I am trying to understand the Bayesian Information Criterion (BIC) using this article. At page 2 the following equality is given:
$$P(y|M_1) = \int f(y|\theta_i)g_i(\theta_i)d\theta_i$$
with
- $y$ : observed data $y1, . . . , yn$
- $M_i$ : a candidate model
- $P(y|Mi)$ : marginal likelihood of the model $M_i$ given the data
- $θ_i$: vector of parameters in the model $M_i$
- $g_i(θ_i)$ : the prior density of the parameters $θ_i$
- $f(y|θ_i)$ : the density of the data given the parameters $θ_i$
I do not understand the presented equality. I have tried to understand it for a couple of hours, but I was not even able to figure out the exact (conceptual) meaning of the product $f(y|\theta_i)g_i(\theta_i)$, let alone its integration.
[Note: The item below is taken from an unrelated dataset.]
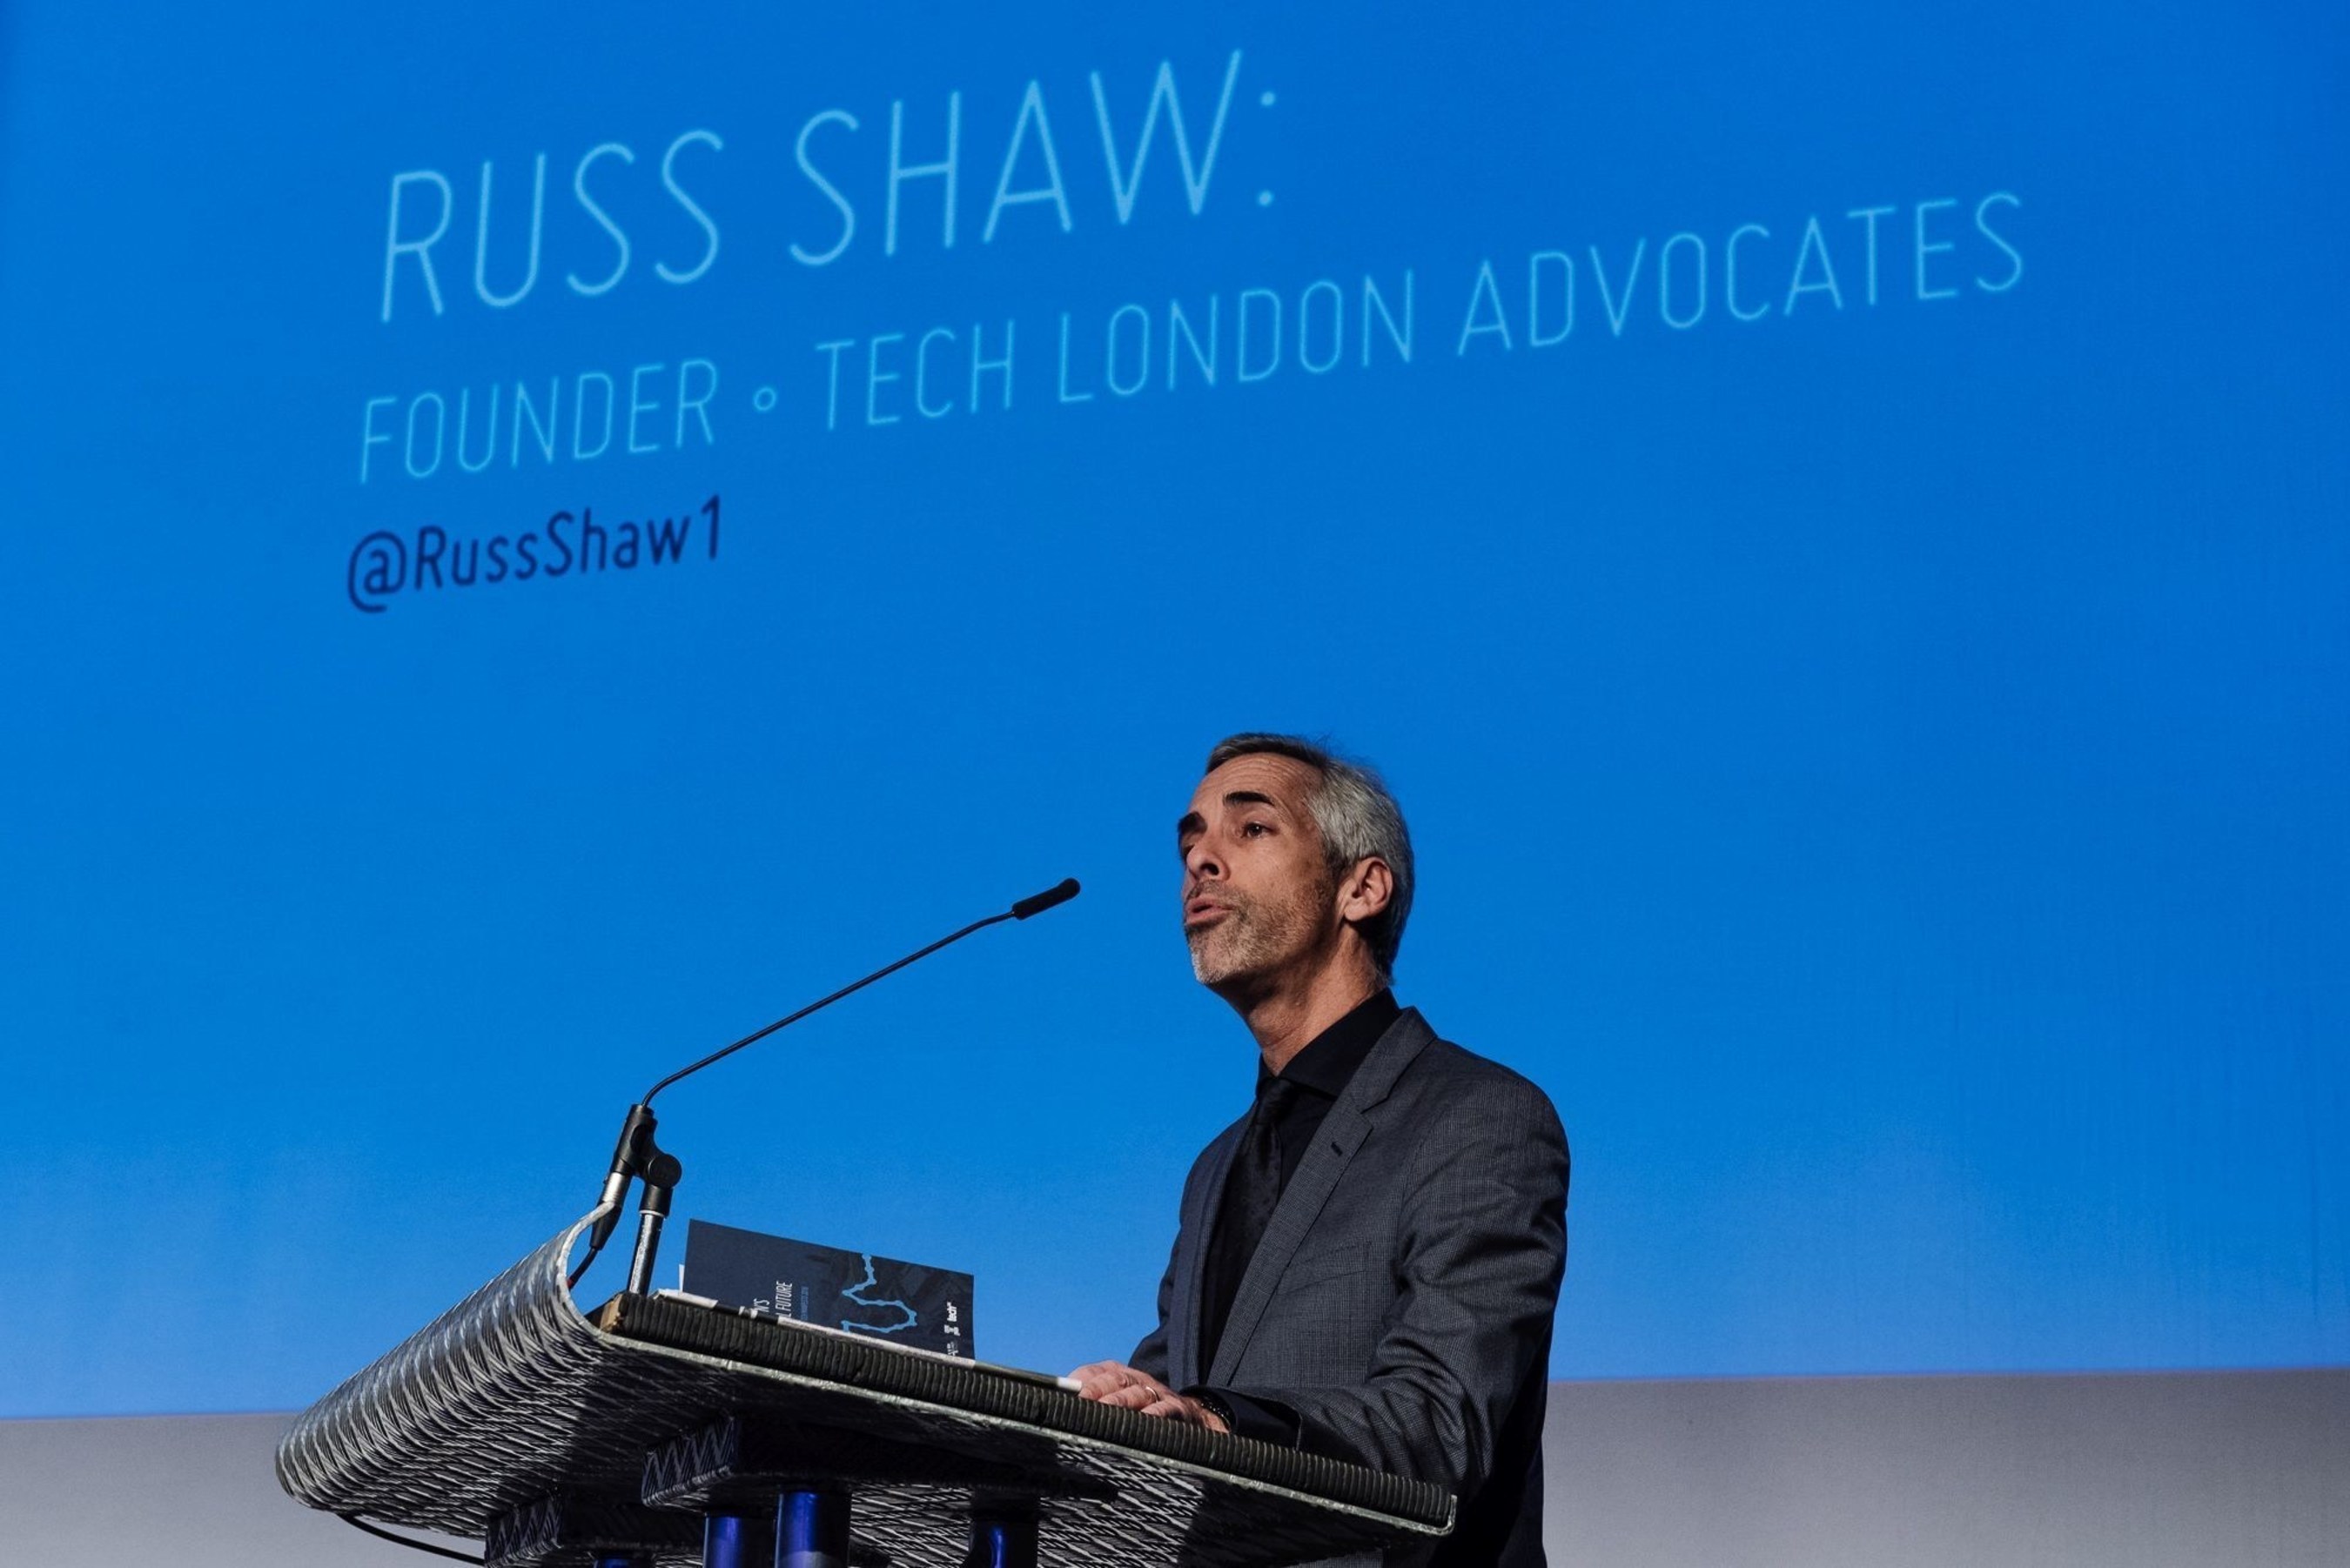 Russ Shaw, Mayor of London's Technology Ambassador and Founder of Tech London Advocates, at the DebateTech Hustings. (PRNewsFoto/London & Partners) (PRNewsFoto/London & Partners)

I know I am suppose to give info on the things I have tried to do, but given that this is not a practical problem I do not know what else to say.
Thanks in advance.
The integral is a definite integral across the whole domain of $y$. This is not specified in the paper but it is specified in other books that treat the same topic.
The integral $\int f(y|\theta_i)g_i(\theta_i)$ reflects the probability of $y$ provided our model parameters $\theta_i$ weighted by our prior belief in the model: $g_i(\theta_i)$. So basically we define $P(y|M_1)$ as the probability of $y$ under the parameters of the model weighted by the uncertainty of the model. Which is in deed a very Bayesian approach.